## Task requirements
Could you transcribe all of the data exactly and skip any pictures?

## Dataset section
▶

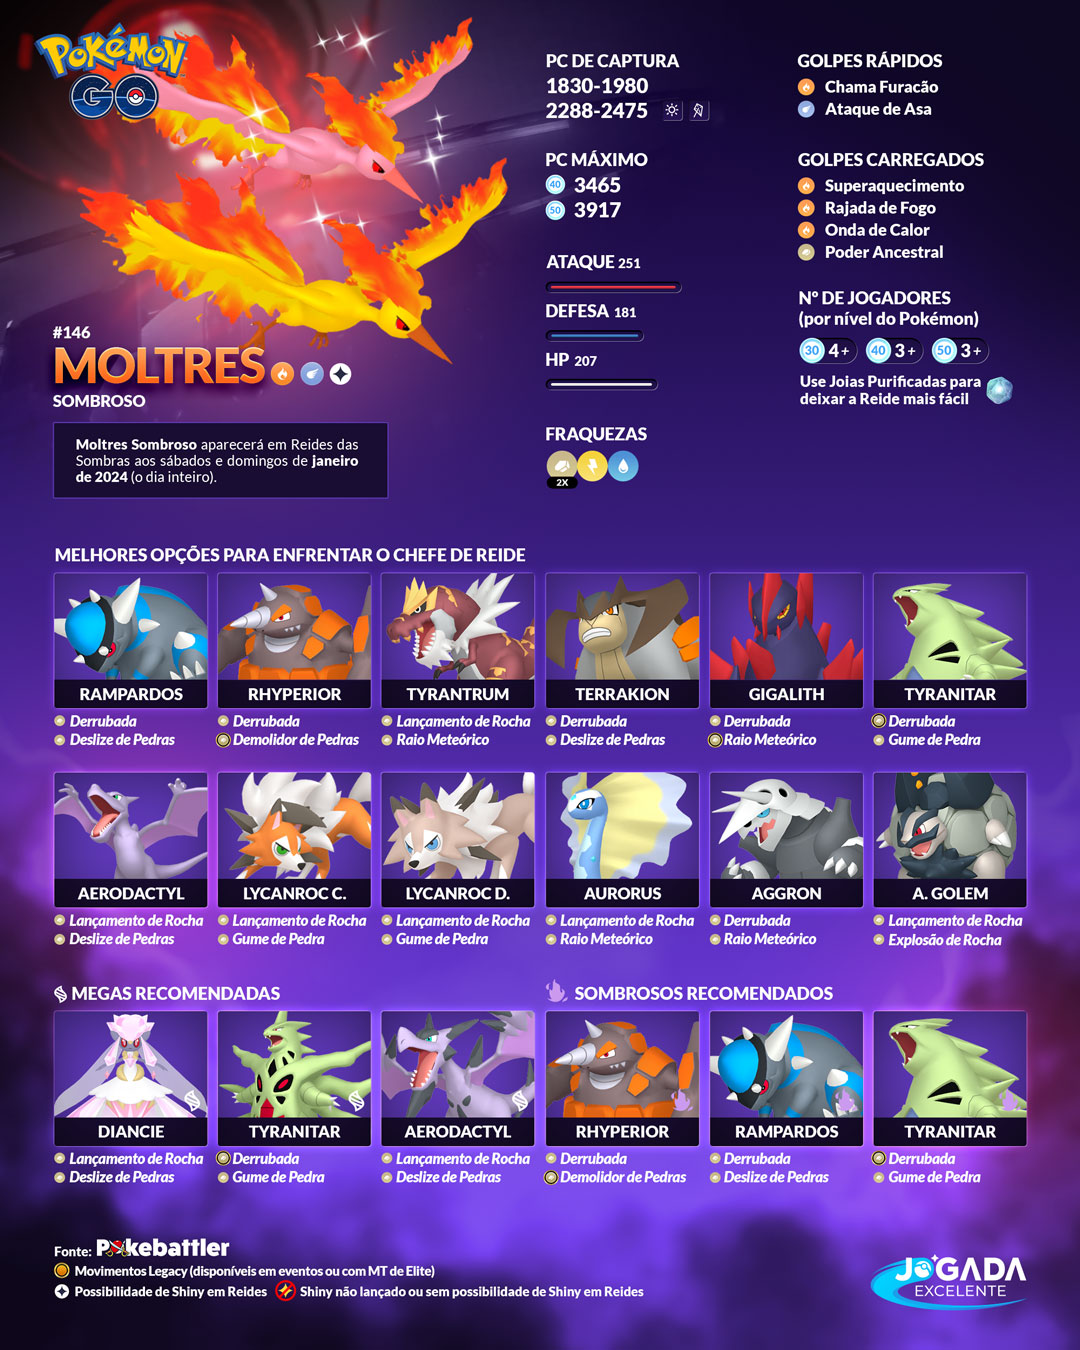 Moltres Sombroso em Reides 5 Estrelas no Pokémon GO - Jogada Excelente
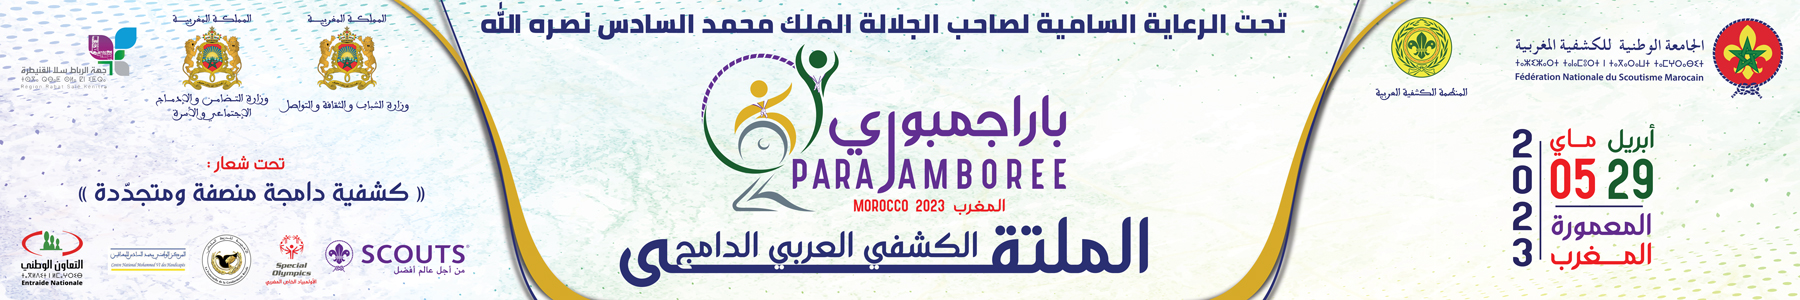 (2 الملتقى الكشفي العربي الدامج (الباراجمبوري
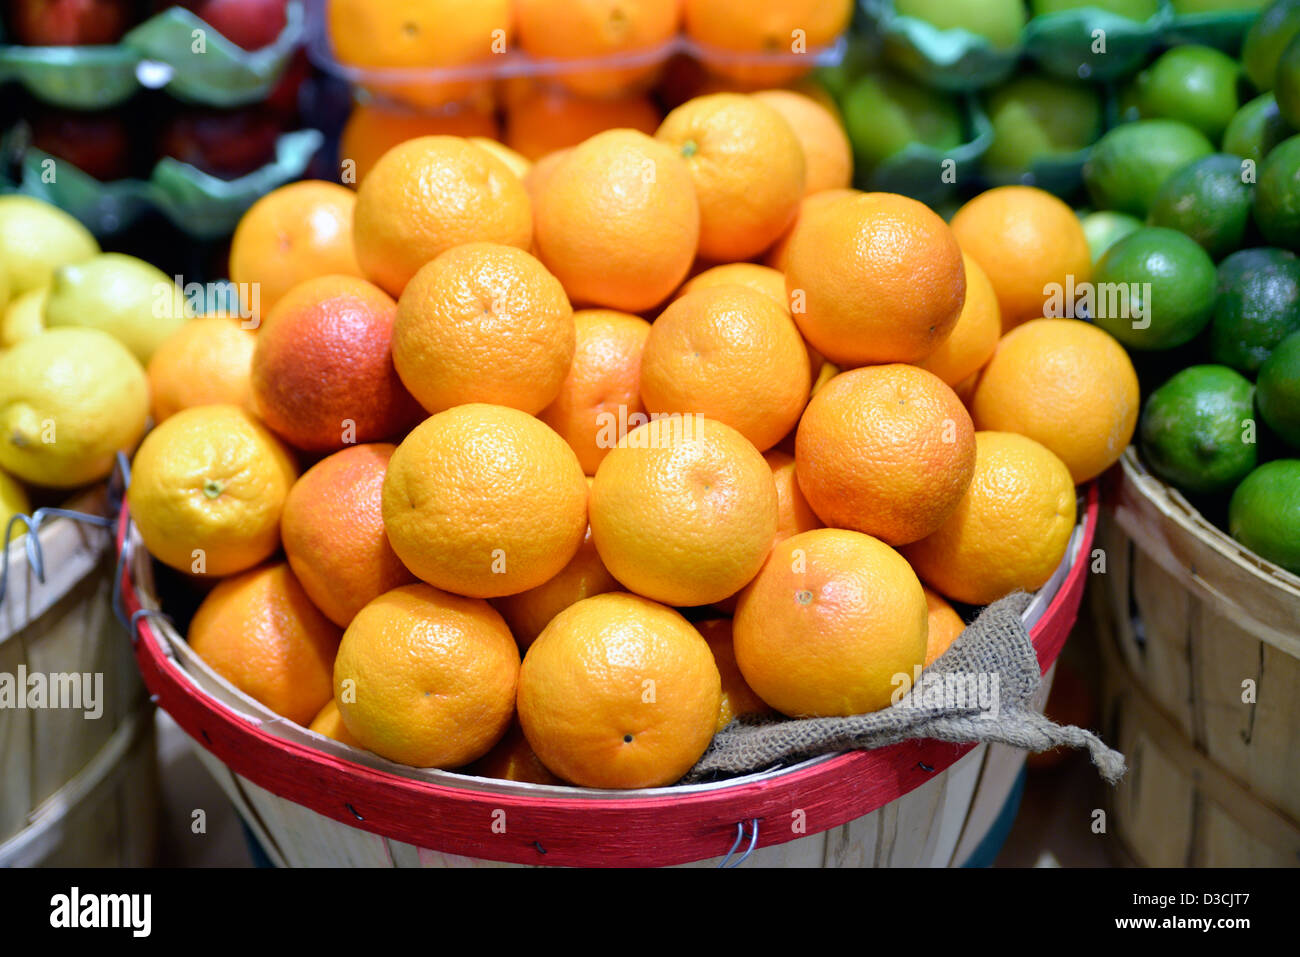 Boisseaux d'oranges, citrons et limes, affiché dans un marché de détail alimentaire gastronomique Banque D'Images

◀

## Response to this exercise
 Moltres Sombroso em Reides 5 Estrelas no Pokémon GO - Jogada Excelente
 (2 الملتقى الكشفي العربي الدامج (الباراجمبوري
 Boisseaux d'oranges, citrons et limes, affiché dans un marché de détail alimentaire gastronomique Banque D'Images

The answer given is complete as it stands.